## Dataset excerpt:

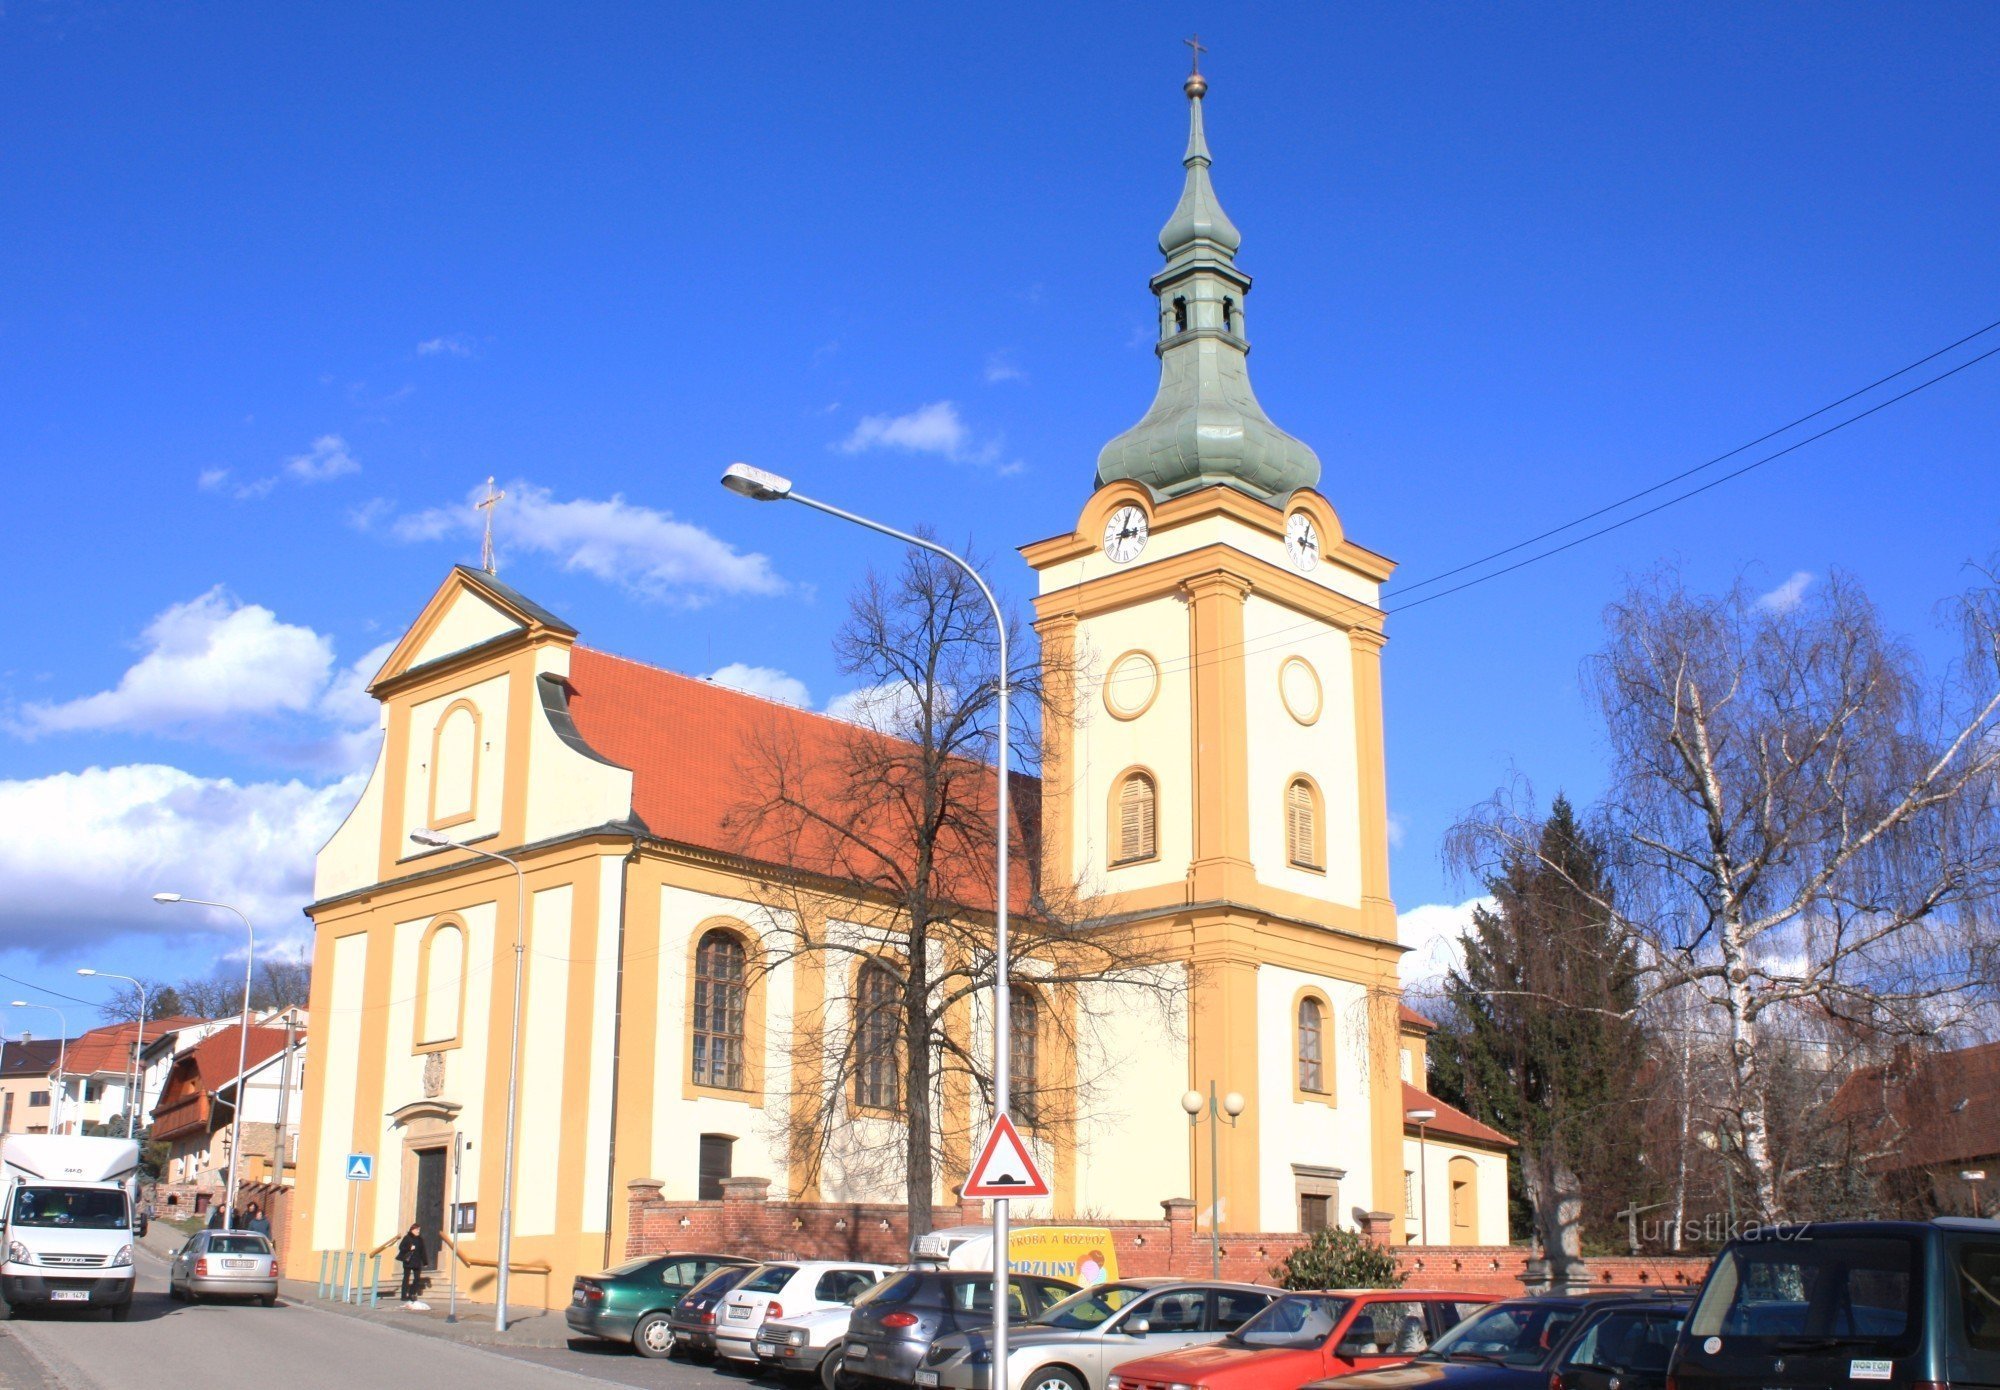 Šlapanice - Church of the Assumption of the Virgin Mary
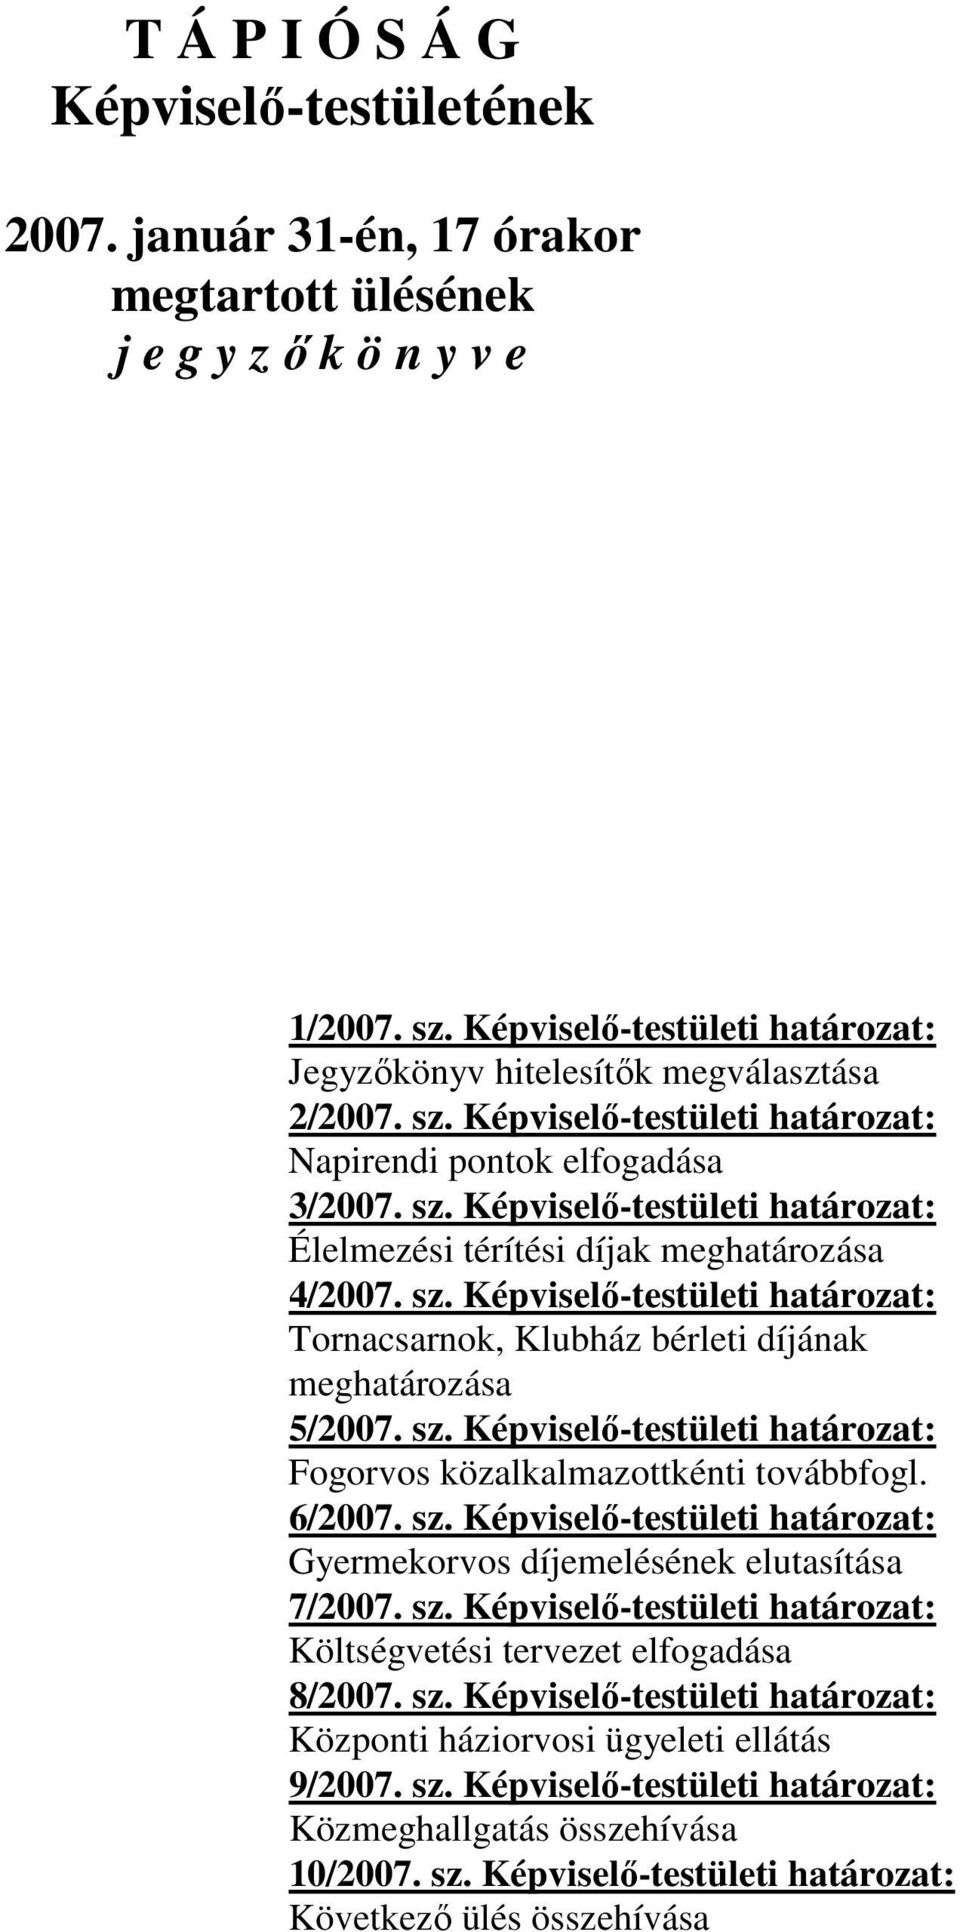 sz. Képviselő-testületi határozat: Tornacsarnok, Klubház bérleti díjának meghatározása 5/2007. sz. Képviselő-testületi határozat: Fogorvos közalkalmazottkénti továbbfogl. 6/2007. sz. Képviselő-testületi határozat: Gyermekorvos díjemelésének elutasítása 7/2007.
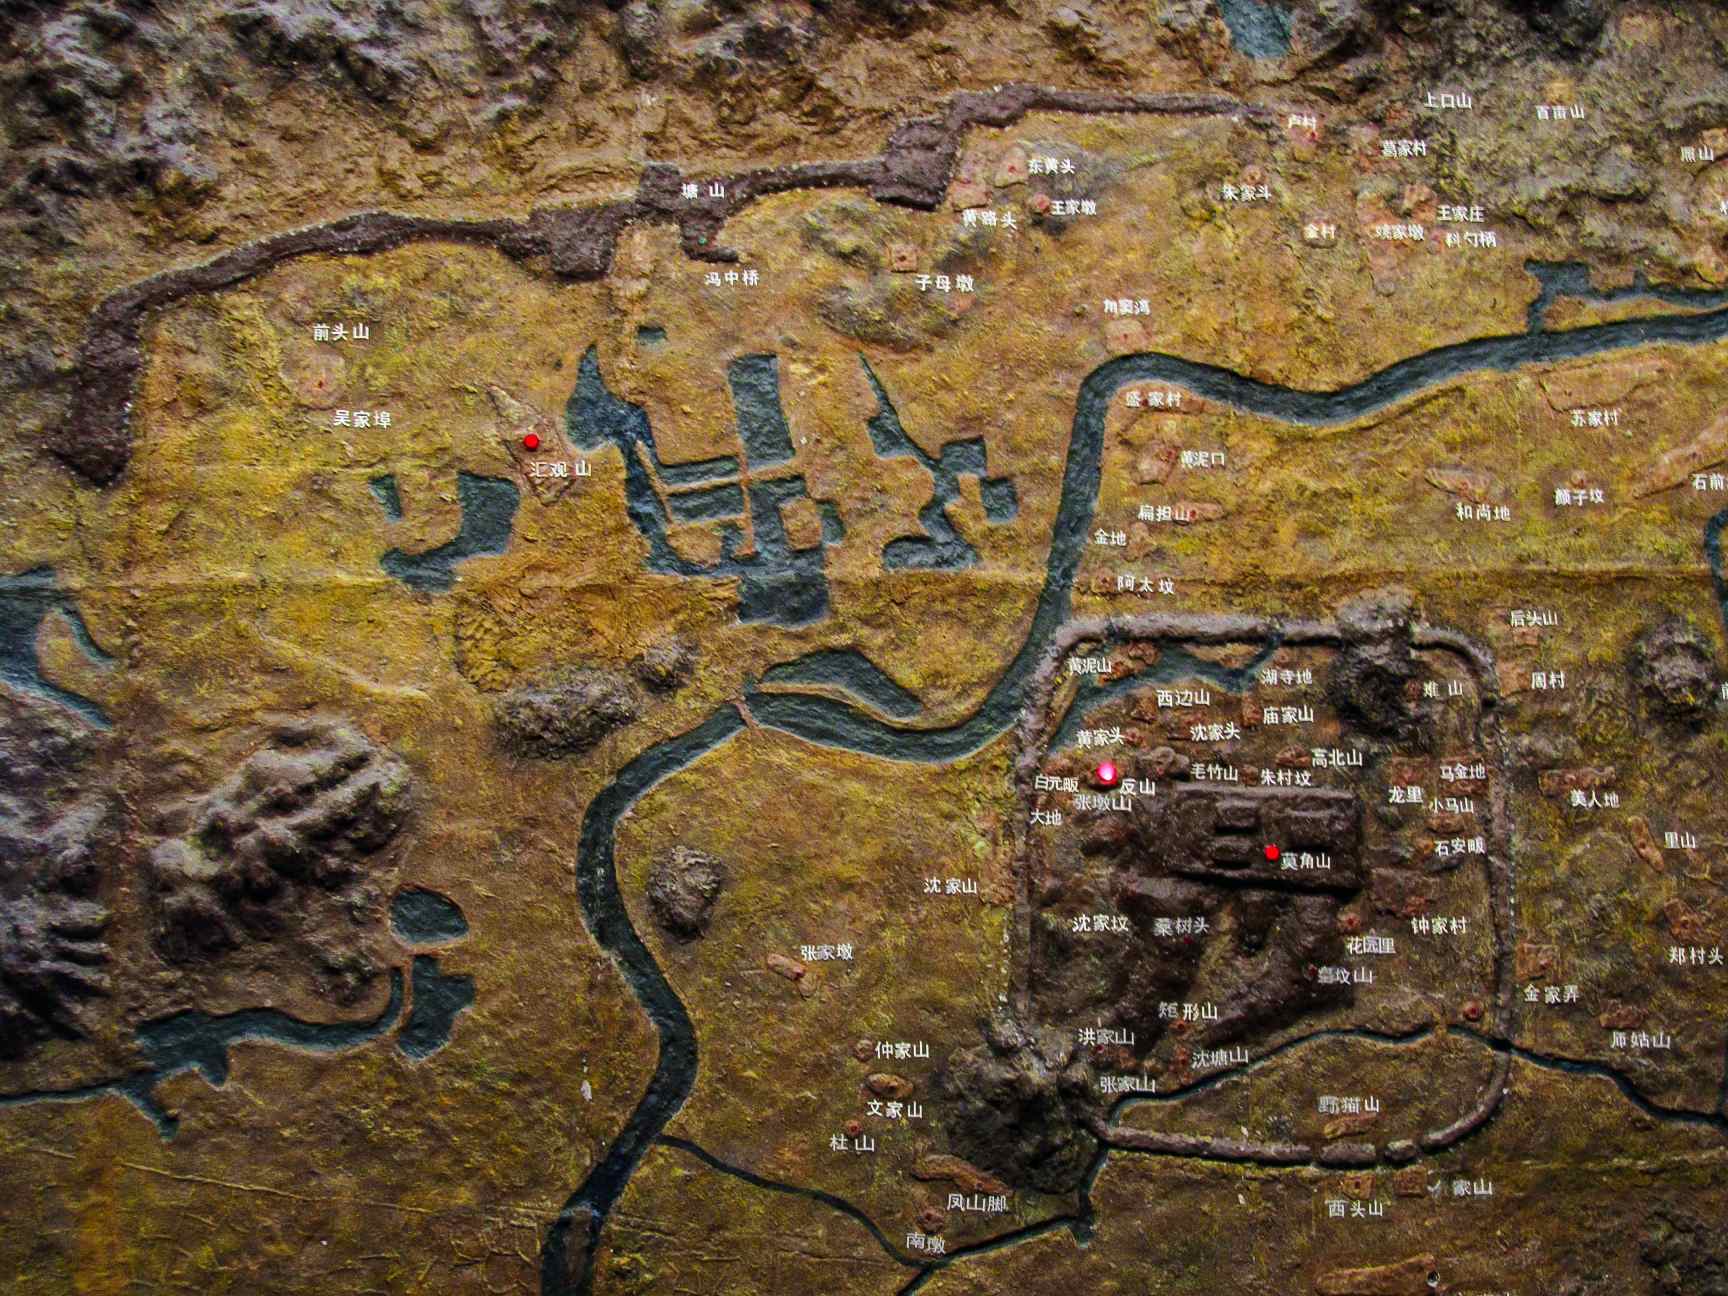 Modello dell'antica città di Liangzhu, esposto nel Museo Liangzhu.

## Problem details:
What you return must match the lines from the top of the data through the line with "sz. Képviselő-testületi határozat: Tornacsarnok, Klubház" exactly, with the pictures removed.

## Your solution:
 Šlapanice - Church of the Assumption of the Virgin Mary
 sz. Képviselő-testületi határozat: Tornacsarnok, Klubház bérleti díjának meghatározása 5/2007. sz. Képviselő-testületi határozat: Fogorvos közalkalmazottkénti továbbfogl. 6/2007. sz. Képviselő-testületi határozat: Gyermekorvos díjemelésének elutasítása 7/2007.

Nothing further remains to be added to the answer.